Let me repeat that one more time for those not yet fully engaged in this blog: A government-issued photo ID was required to enter a Harris-Walz campaign event.
Wait … isn’t this the same party that firmly believes it is wrong (“overburdensome” is their exact terminology) to require American citizens to present a government-issued photo ID in order to enter a polling booth and vote?
So, let me get this right ... it is overburdensome for Americans to present an ID when voting for a candidate, but it is NOT overburdensome for Americans to present an ID when visiting with a candidate?
Is that the basic gist of this glaring Democratic inconsistency? Did I get to the heart of it?
Now, granted, after the horrifying (and televised) attempted assassination of the opposing presidential candidate and the unbelievably inept protection of said candidate, I heartily understand the VP’s very valid concerns for safety at this campaign event that took place recently in Arizona.
But again, is that same concern for safety negated when it comes to the everyday citizens who volunteer to man our election voting places throughout America? Do their lives and the lives of millions of voters not weigh equally important as the lives of those named on the ballots at our voting precincts?
Perhaps it is simply overburdensome for me to understand this blatant inconsistency. Maybe my bucolic brain just cannot handle the hypocrisy enough to explain it away with political nonsense.
After all, I am one of those “rural” people that VP Harris referenced in 2021 during one of her first interviews as Vice President when she spoke to Soledad O’Brien on BET about voter ID laws:
“I don’t think that we should underestimate what that could mean,” explained Harris. “Because in some people’s mind that means, well, you’re going to have to Xerox or photocopy your ID to send it in to prove you are who you are.
“Well, there are a whole lot of people, especially people who live in rural communities, who don’t – there’s no Kinko’s, there’s no Office Max near them.”
Oh … that makes perfect sense. Thanks for the clarification.
This August campaign rally took place near Phoenix, Arizona, a big city where they have plenty of stores like Kinko’s and Office Max.
Of course, perhaps VP Harris forgot that Kinko’s stores have not really existed formally since 2004 when FedEx bought the franchise. Or maybe she thought it was not pertinent to note that by 2008, FedEx had fully dropped the name of Kinko’s and simply merged all the former company’s services into their own. After all, that was a moot point for us poor, uneducated rural folks.
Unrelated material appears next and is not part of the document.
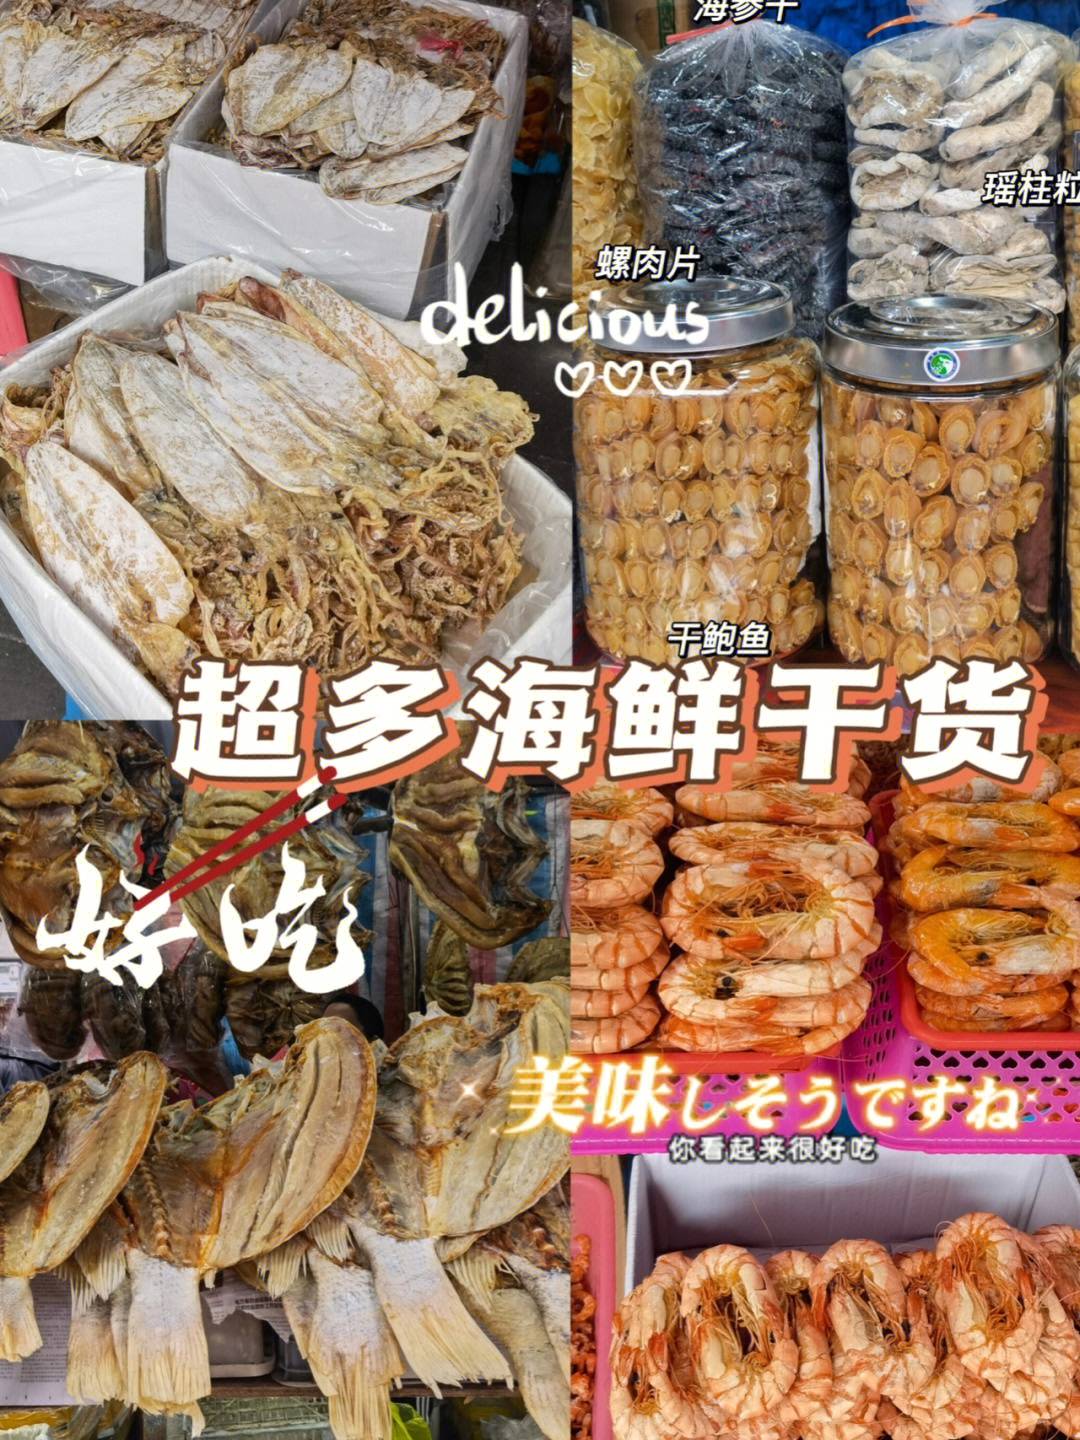 超多海鲜干货本地人也经常去买菜的东门市场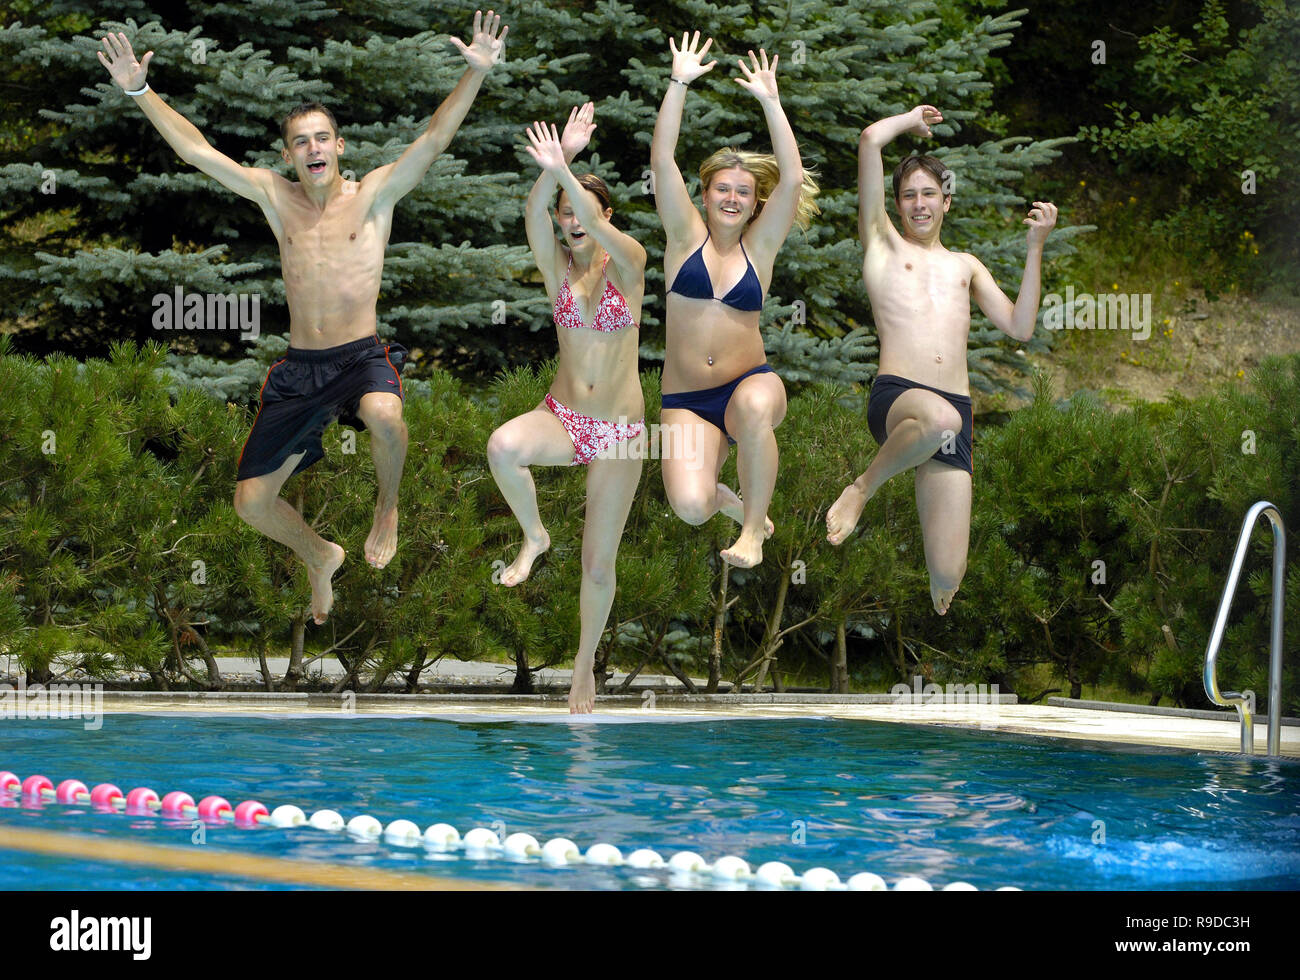 14.07.2005, Zwickau, Saxony, Germany - Schueler springen zur Erfrischung in ein Schwimmbecken. 0UX050714D120CAROEX.JPG [MODEL RELEASE: NO, PROPERTY RE Stock Photo

I mean … we poor backward people here in places like rural Mississippi have never seen a copy machine, much less had access to one at our local town halls, churches, libraries, schools, police stations, medical clinics, or our places of work. Nor have we ever seen a copier (or needed one, I’m sure) at the nearby County Health Department, Social Security Administration, Driver’s License Bureau, or Circuit Clerk’s Office.
And for those among us who are homebound due to age, transportation, or health issues, I am certain that no other family member or neighbor would know where or how to get some of those high-tech copies made for voter IDs. No, especially not here in the Hospitality State!
So, the VP is right! Government-issued IDs are just overburdensome for us poor, ignorant, rural people. But for those educated and erudite, sophisticated folks from Arizona, it was no burden whatsoever to procure and present a government-issued ID for admittance into the prestigious Democratic campaign event at the Desert Diamond Arena.
I feel so much better now that we have cleared up that glaring contradiction.
But I do have one remaining concern!
During the Democratic National Convention next week, surely my fellow rural friends who are delegates from states such as Mississippi, Alabama, Tennessee, Arkansas, Louisiana, or any other rural spot will NOT be required to show any form of ID to get into this all-important event.
After all, that really might be overburdensome for them.